Fisher's agricultural origins explain some ANOVA terminology that persists to this day. The "treatments" in an experiment, the "blocks" in a randomized block design, and the "plots" in a split-plot design all come from farming. The "F-distribution" is named in Fisher's honor — though Fisher himself called it the "variance ratio" distribution.
Fisher went on to develop the broader theory of experimental design, including randomization, blocking, and factorial experiments.

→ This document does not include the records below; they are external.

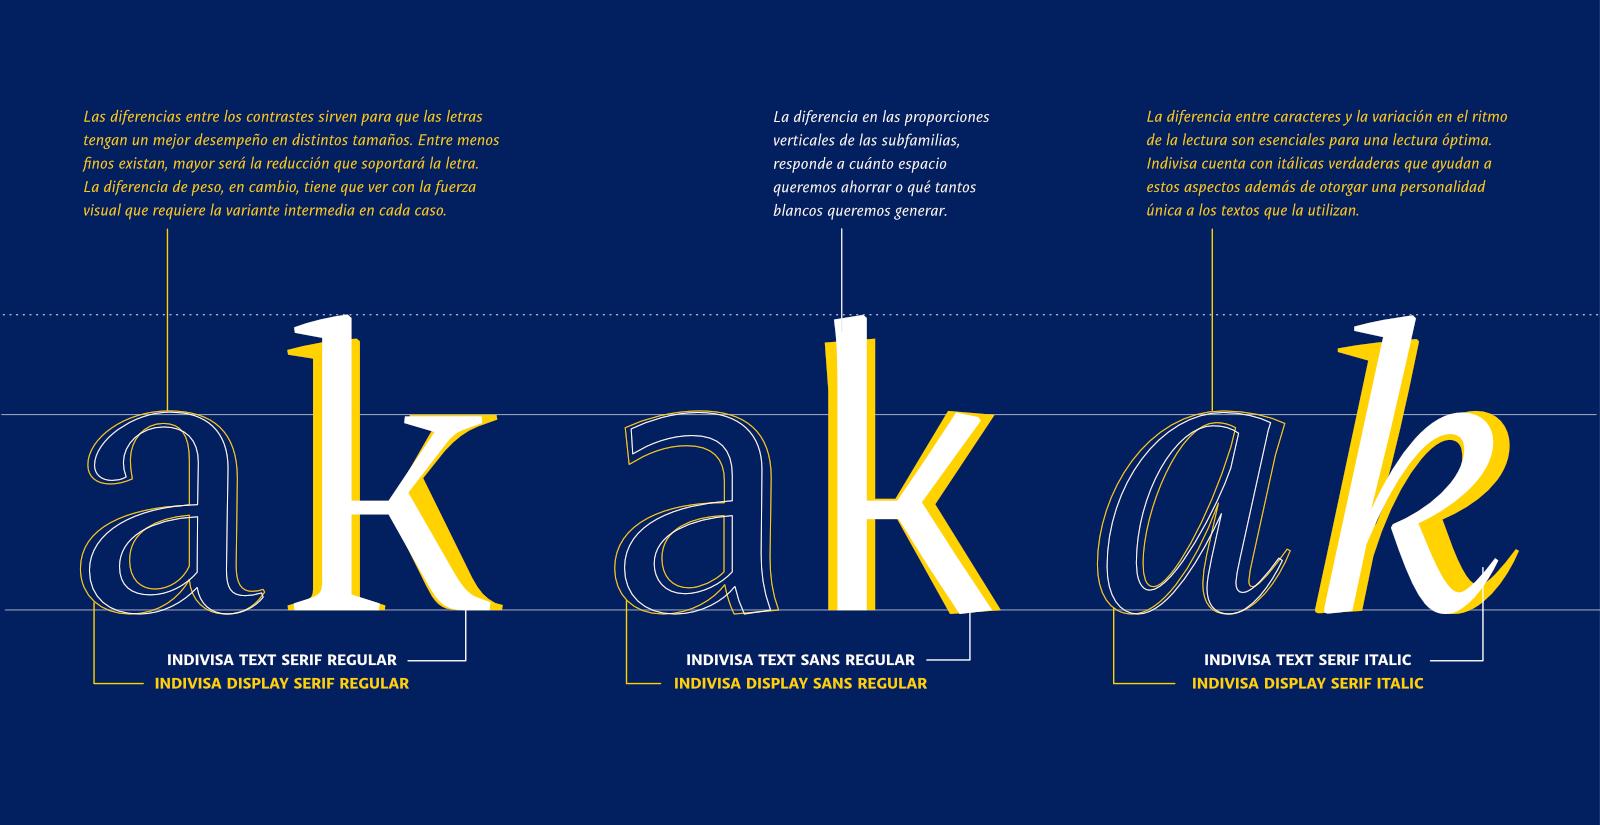 letras ak de indivisa
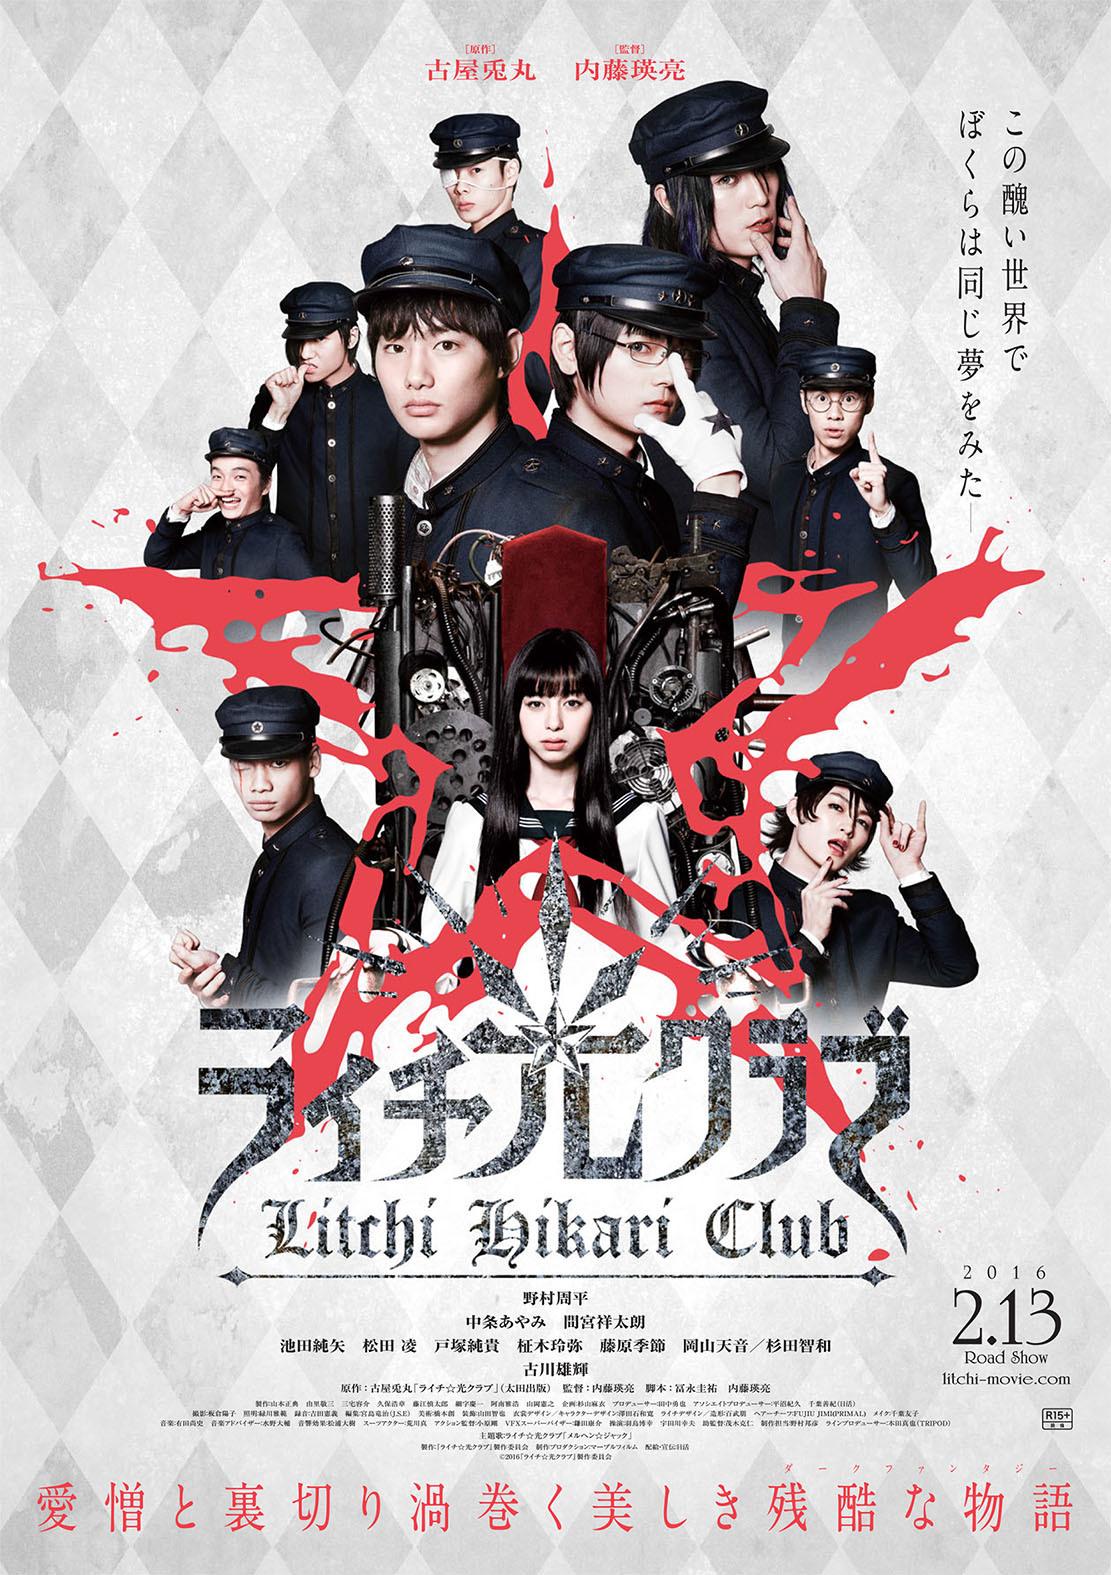 (C)2015『ライチ☆光クラブ』製作委員会
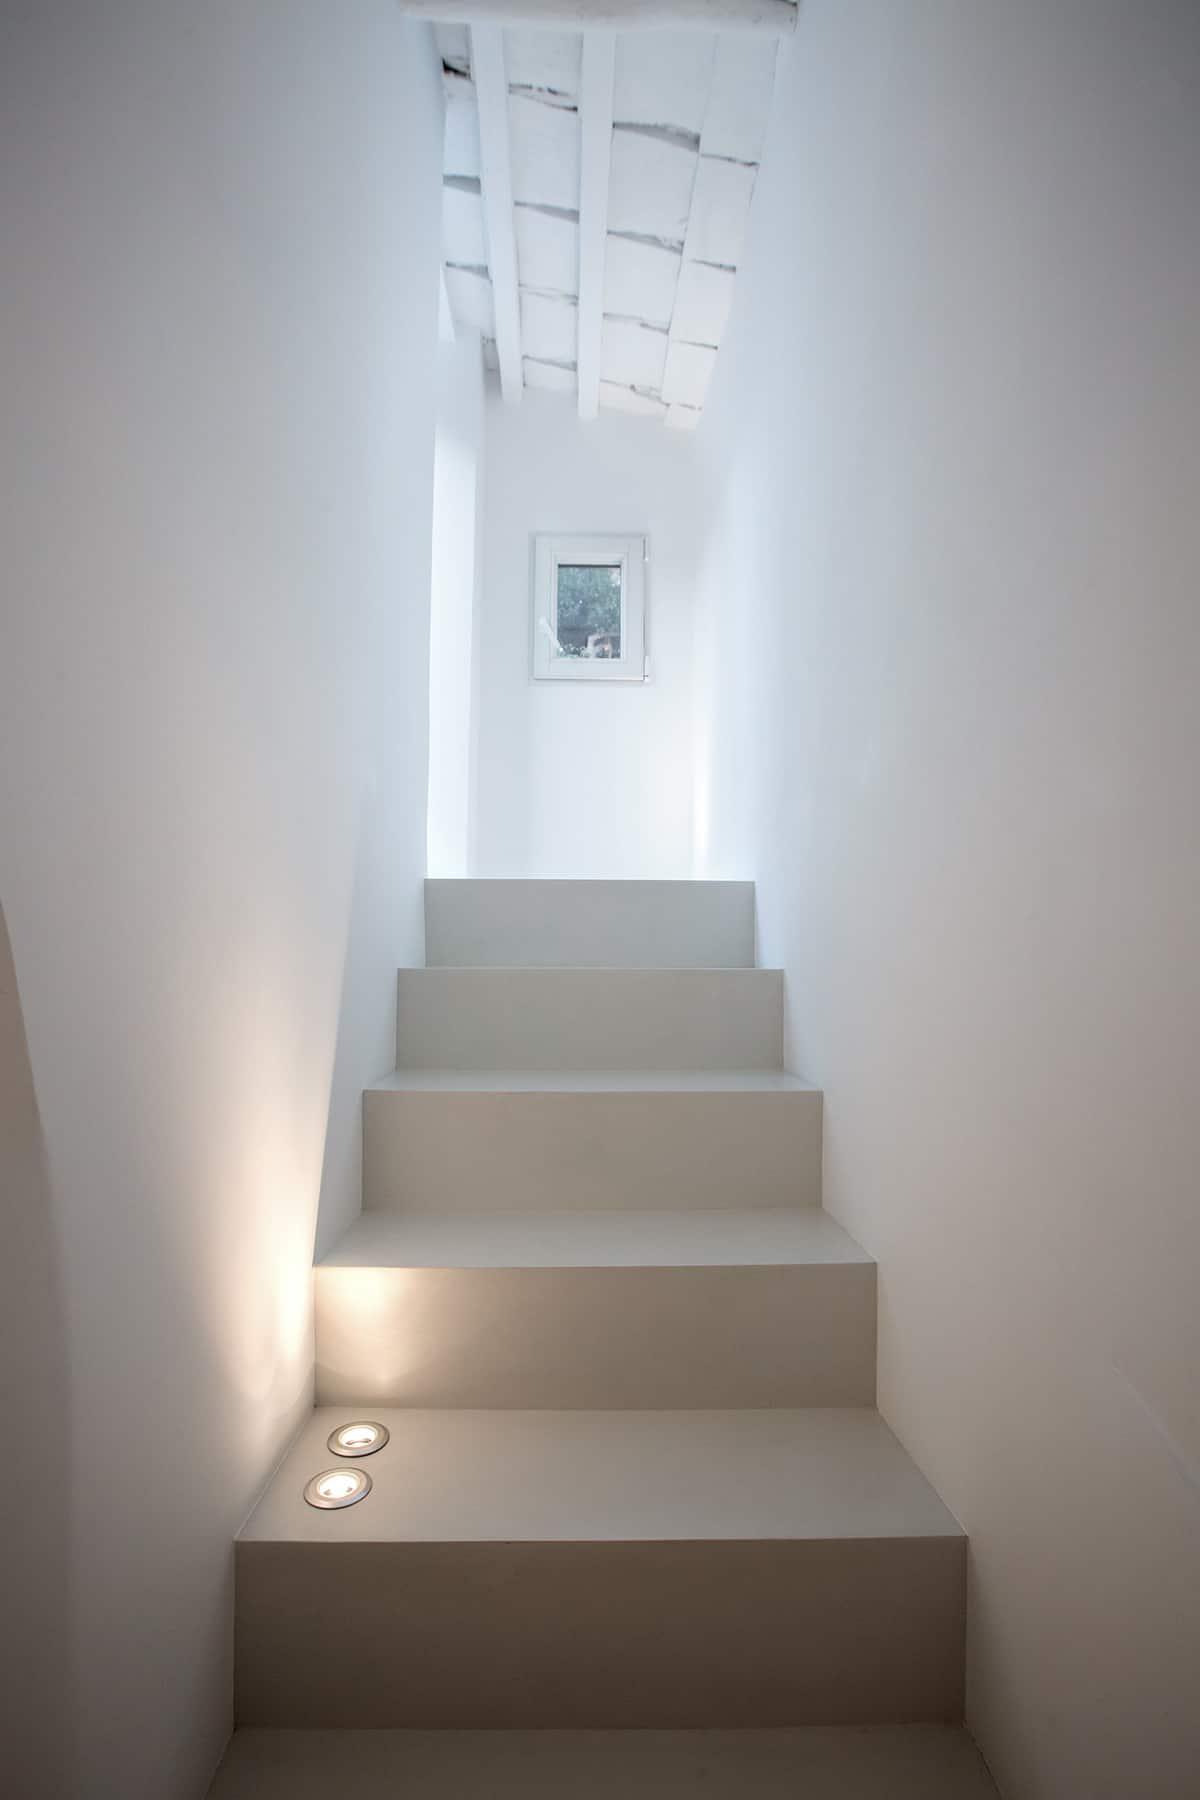 suvremeni-stan-stubište

His 1925 book Statistical Methods for Research Workers and his 1935 book The Design of Experiments laid the foundation for how experiments are designed and analyzed across virtually every scientific field.
The irony is that Fisher's most powerful statistical tools — designed to detect real effects amid noise — are also the tools most susceptible to abuse when researchers engage in the kind of multiple testing and p-hacking discussed in Chapter 17. Fisher himself was untroubled by the $p = 0.05$ threshold that later became a rigid orthodoxy; he saw p-values as one piece of evidence among many, not as a yes/no verdict.
Understanding this history enriches your appreciation of ANOVA as more than just a formula — it's a framework for thinking about evidence, variation, and the careful design of studies that can distinguish signal from noise.